Seed treatment with sodium hypochlorite (NaOCl) solutions is known for reducing losses in germination caused by fungus. It has been revealed that a seed treatment with NaOCl caused changes in seed metabolism that influenced germination13. However, the effects of NaOCl on germination may be positive or negative. Some authors reported that NaOCl either enhances or inhibits seed germination14,15. On the other hand, some authors reported that NaOCl inhibited the rate of germination but not the total germination16,17. These differences in results might be due to differences in the duration of treatment or concentration used18. Therefore, these studies suggest that some weed seeds require a specific immersion time in NaOCl for releasing dormancy.

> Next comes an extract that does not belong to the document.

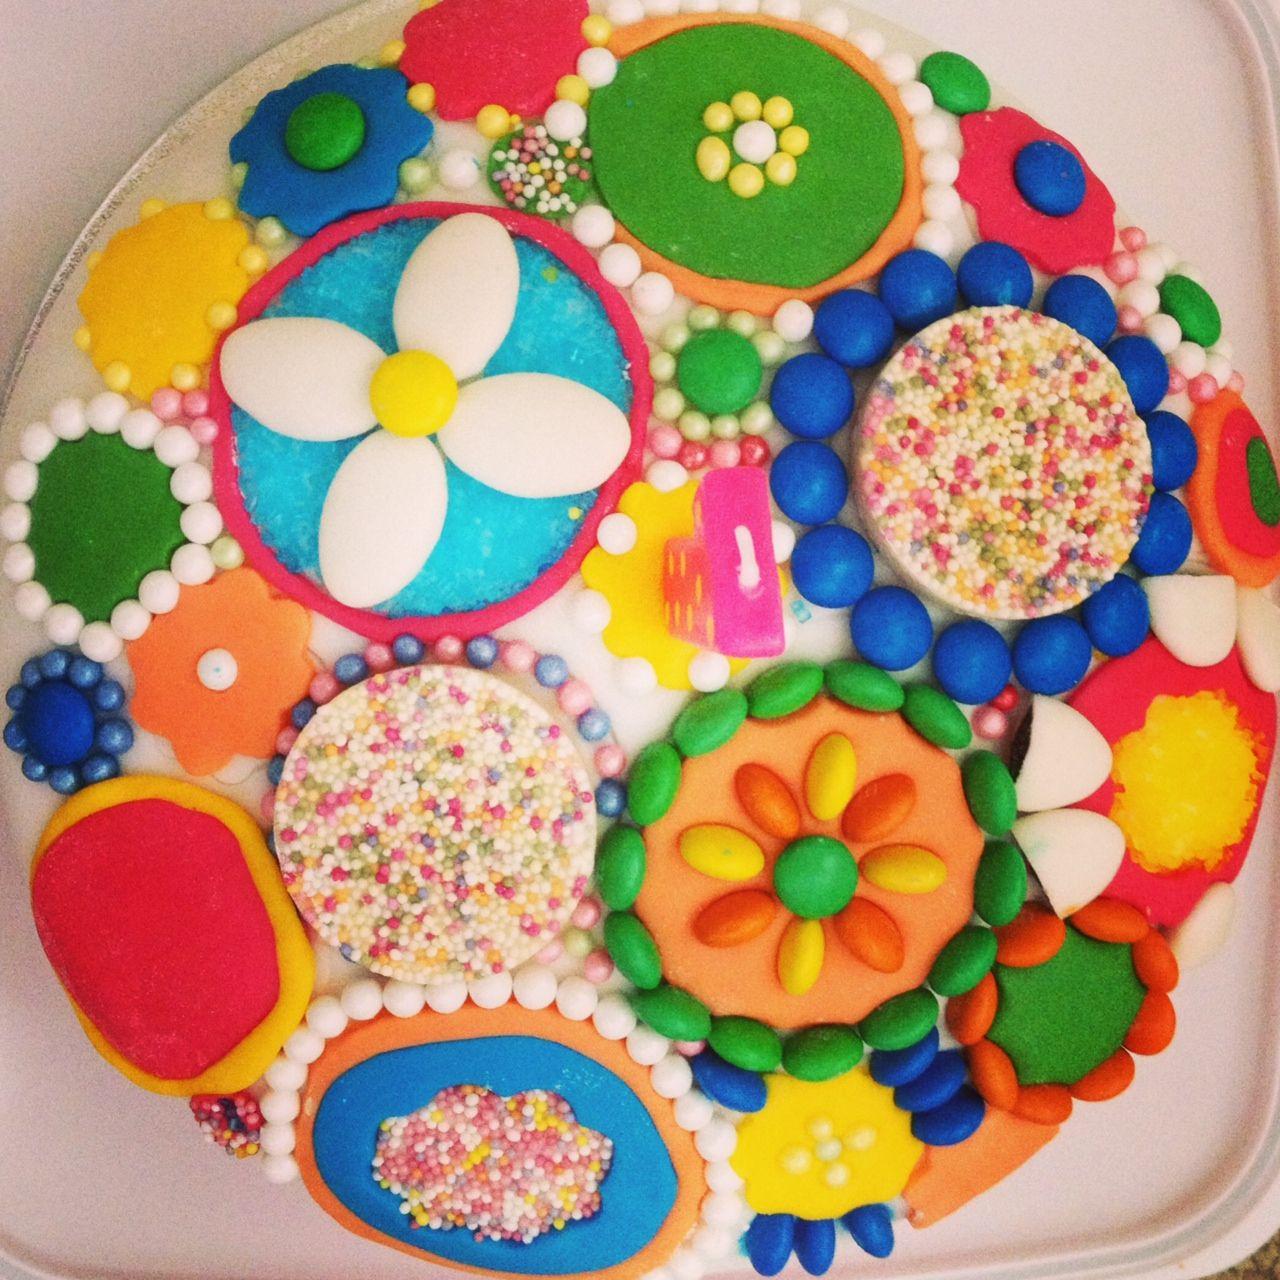 concentrical cake design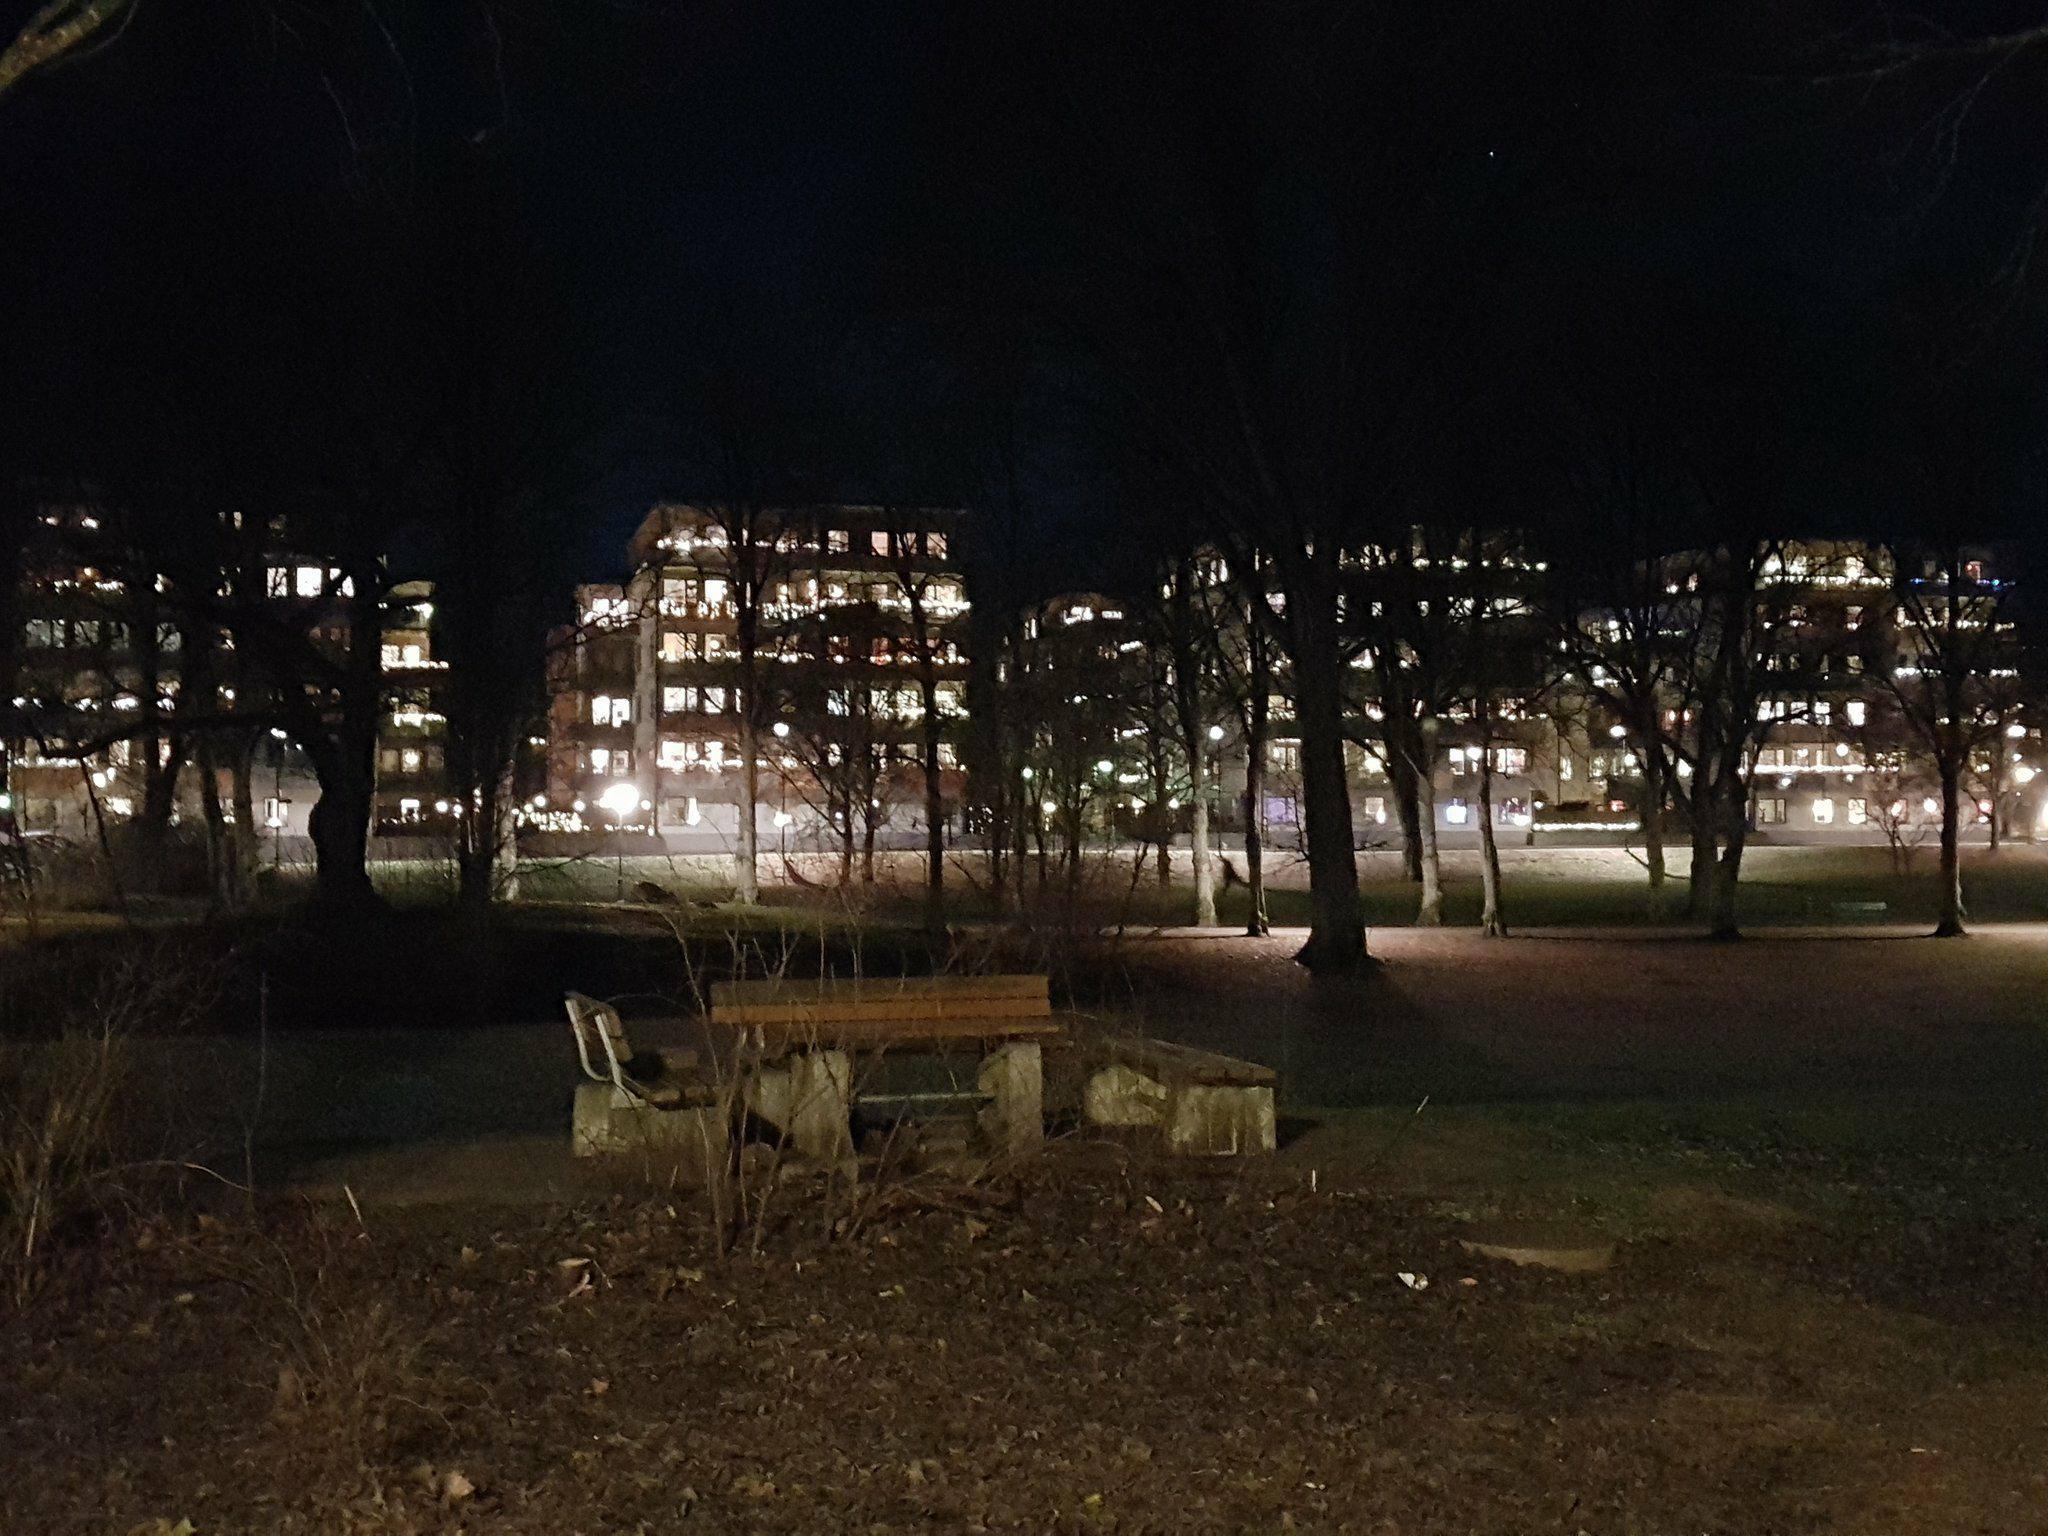 171204 Långbro park

Various studies have evaluated the role of NaOCl in breaking weed seed dormancy19,20,21,22. These studies indicated that germination increased with increasing lengths of exposure of weed seeds to NaOCl, but up to certain limits. The immersion of weeds seeds in NaOCl made the seeds more sensitive to the exogenous GA3 application, light, or both23. Treatment of NaOCl released seed dormancy of Avena fatua L. possibly by modifying the properties of the hull and seed coat membranes, or by increasing the permeability of the seed to oxygen22.

Seed germination is an important phenomenon because the successful establishment of weeds depends on the ability of their seeds to germinate7. Various environmental factors influence weed seed germination, for example, germination dependent upon temperature, as the emergence rate is closely correlated with soil temperatures24,25. Light is another major factor influencing seed germination. Some weeds require light for germination and others prefer darkness for germination7. Evidence related to the ability of weed seeds to germinate at various soil depths has also been widely reported26,27. The optimum environmental conditions, like temperature and light, necessary for germination vary considerably, depending on weed species28,29,30,31. A better understanding of the germination and dormancy of B. tournefortii will aid in predicting its potential behavior as it spreads into new areas of Australia. Furthermore, information on the dormancy mechanism of B. tournefortii seeds would be useful in developing effective control measures.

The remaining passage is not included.